» **Task**
Only one span is wanted from the lines below: from the one with "中国卫星企业拍摄福岛核电站核" up to and including the one with "Lenovo ideaPad gaiming 3". Copy it exactly, without images.

» **Input data**
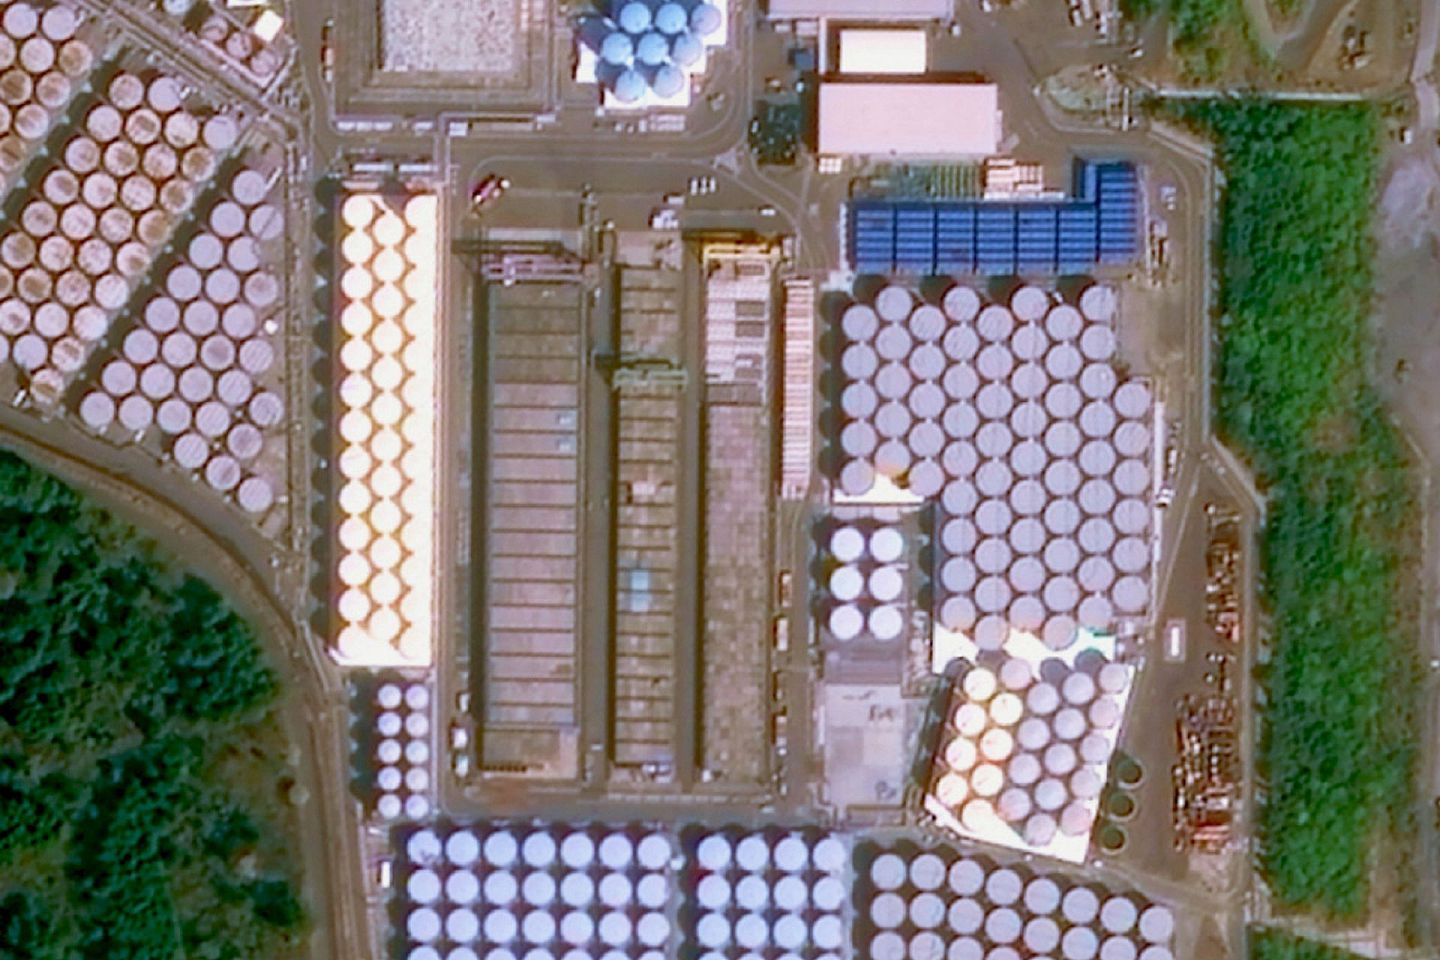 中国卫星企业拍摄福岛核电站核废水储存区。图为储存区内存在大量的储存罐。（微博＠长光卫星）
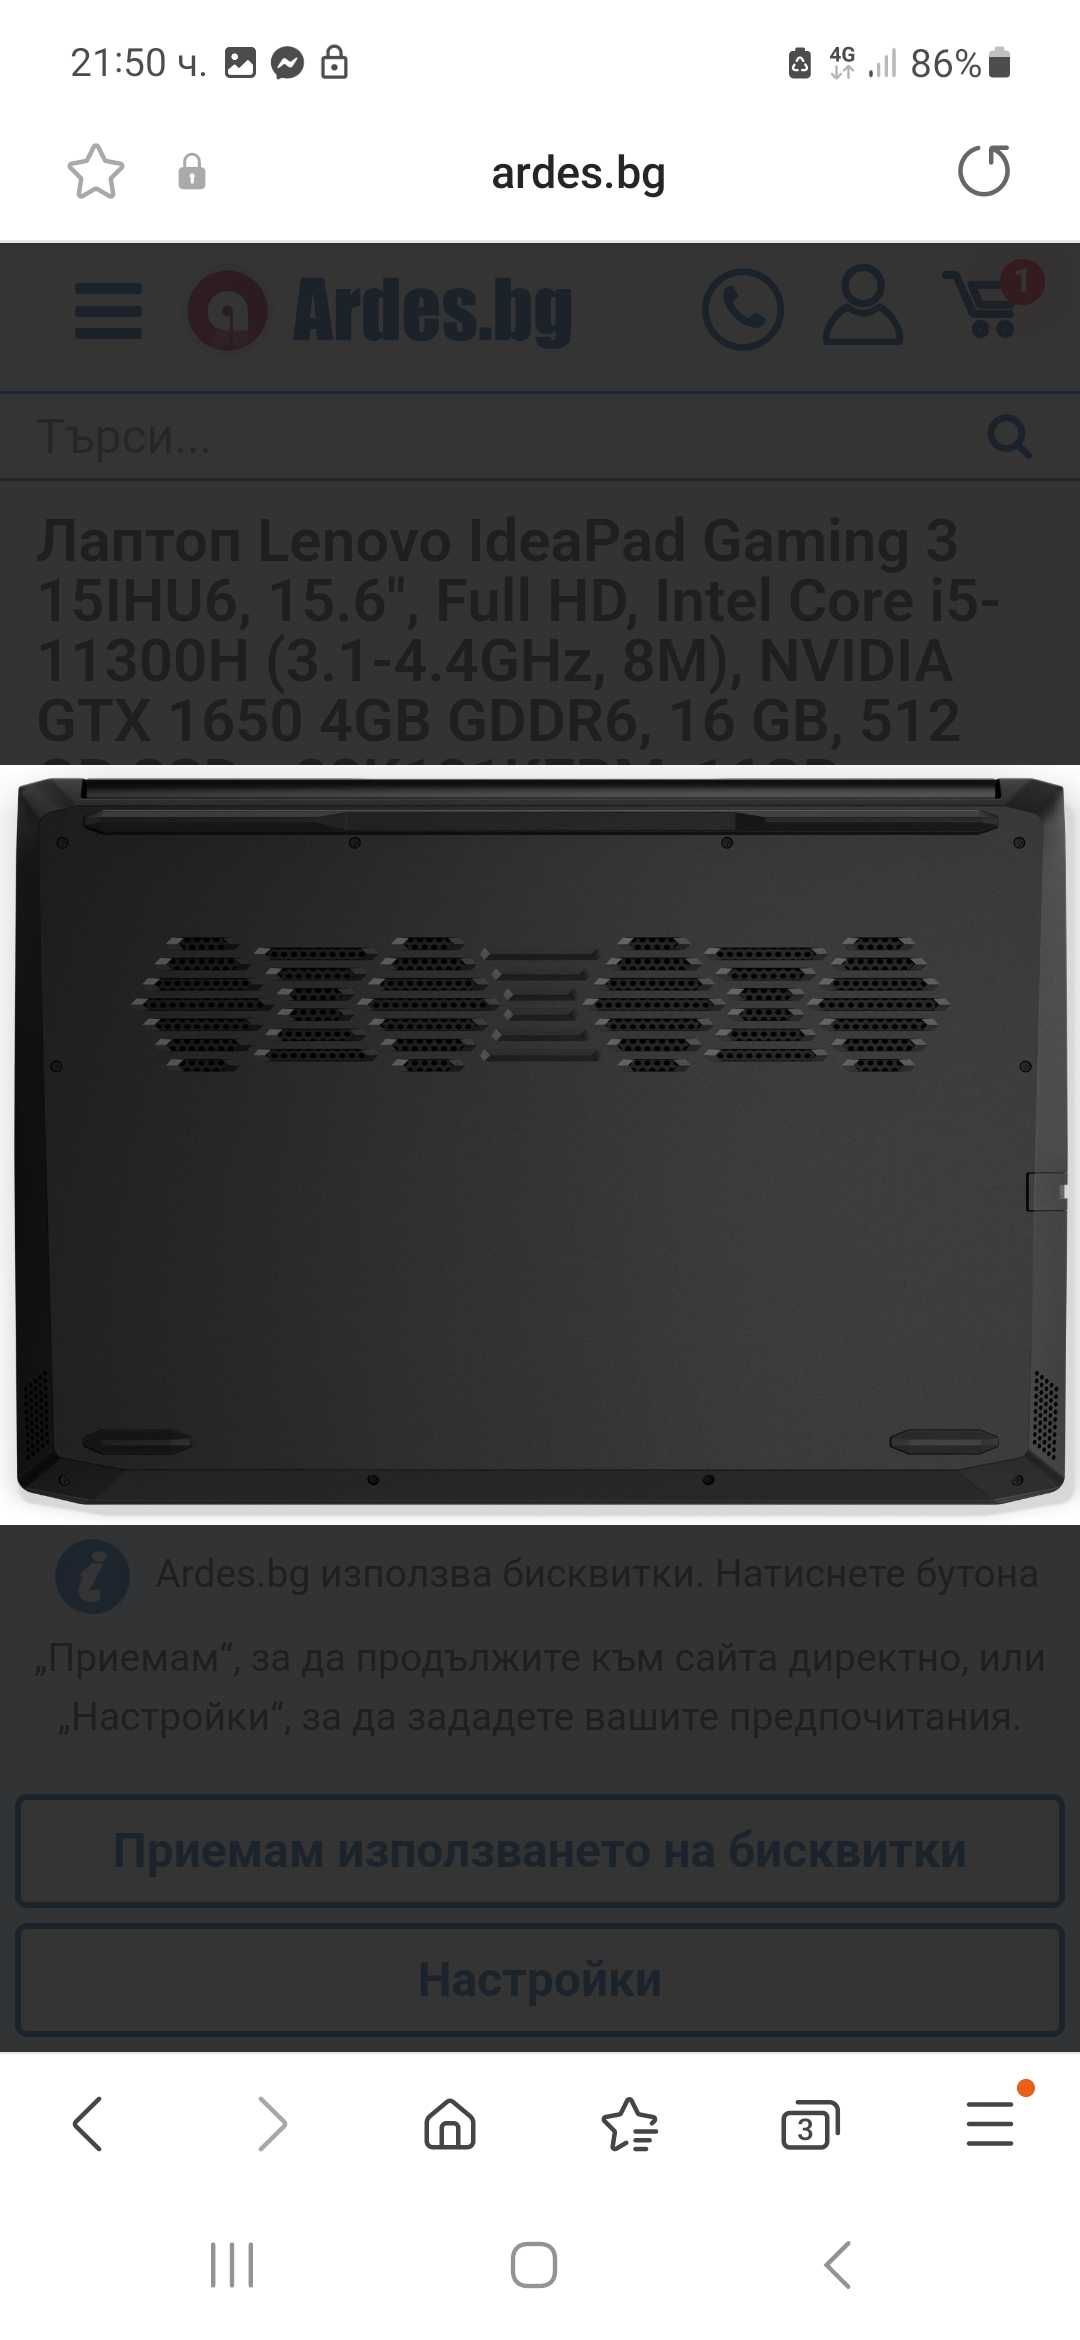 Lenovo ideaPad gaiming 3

---

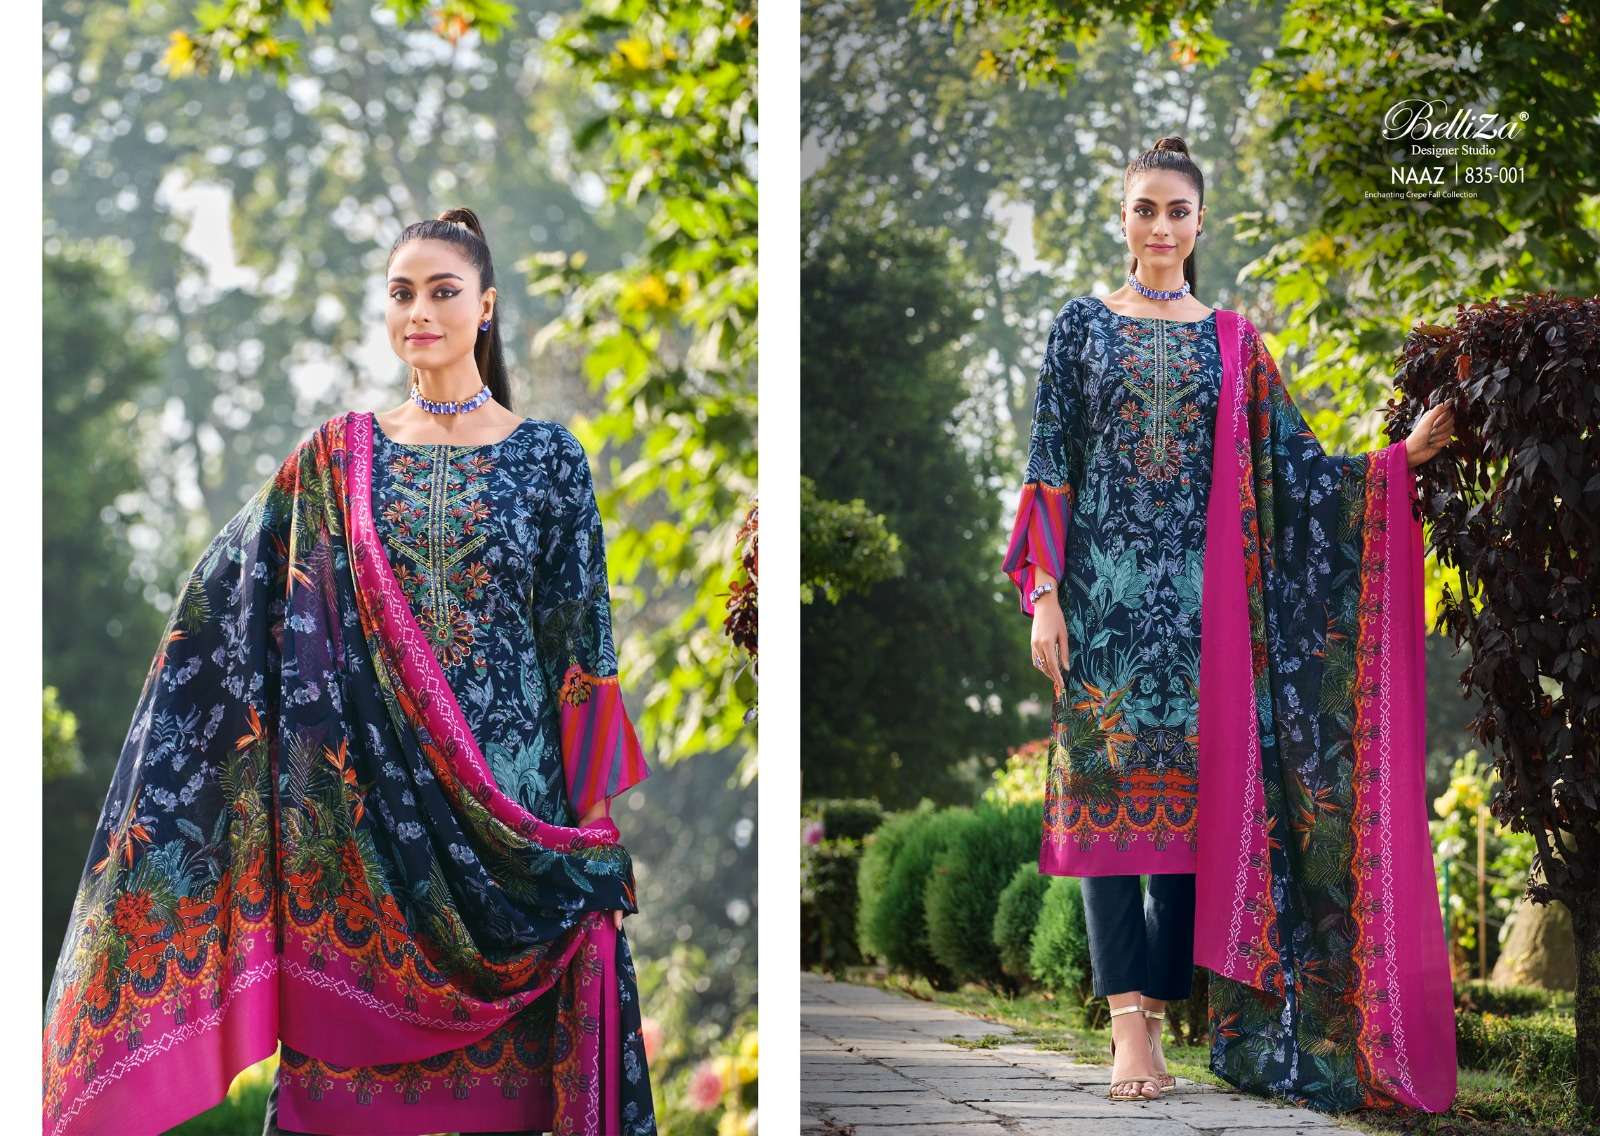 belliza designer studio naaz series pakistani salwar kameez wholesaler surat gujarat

» **Written response**
 中国卫星企业拍摄福岛核电站核废水储存区。图为储存区内存在大量的储存罐。（微博＠长光卫星）
 Lenovo ideaPad gaiming 3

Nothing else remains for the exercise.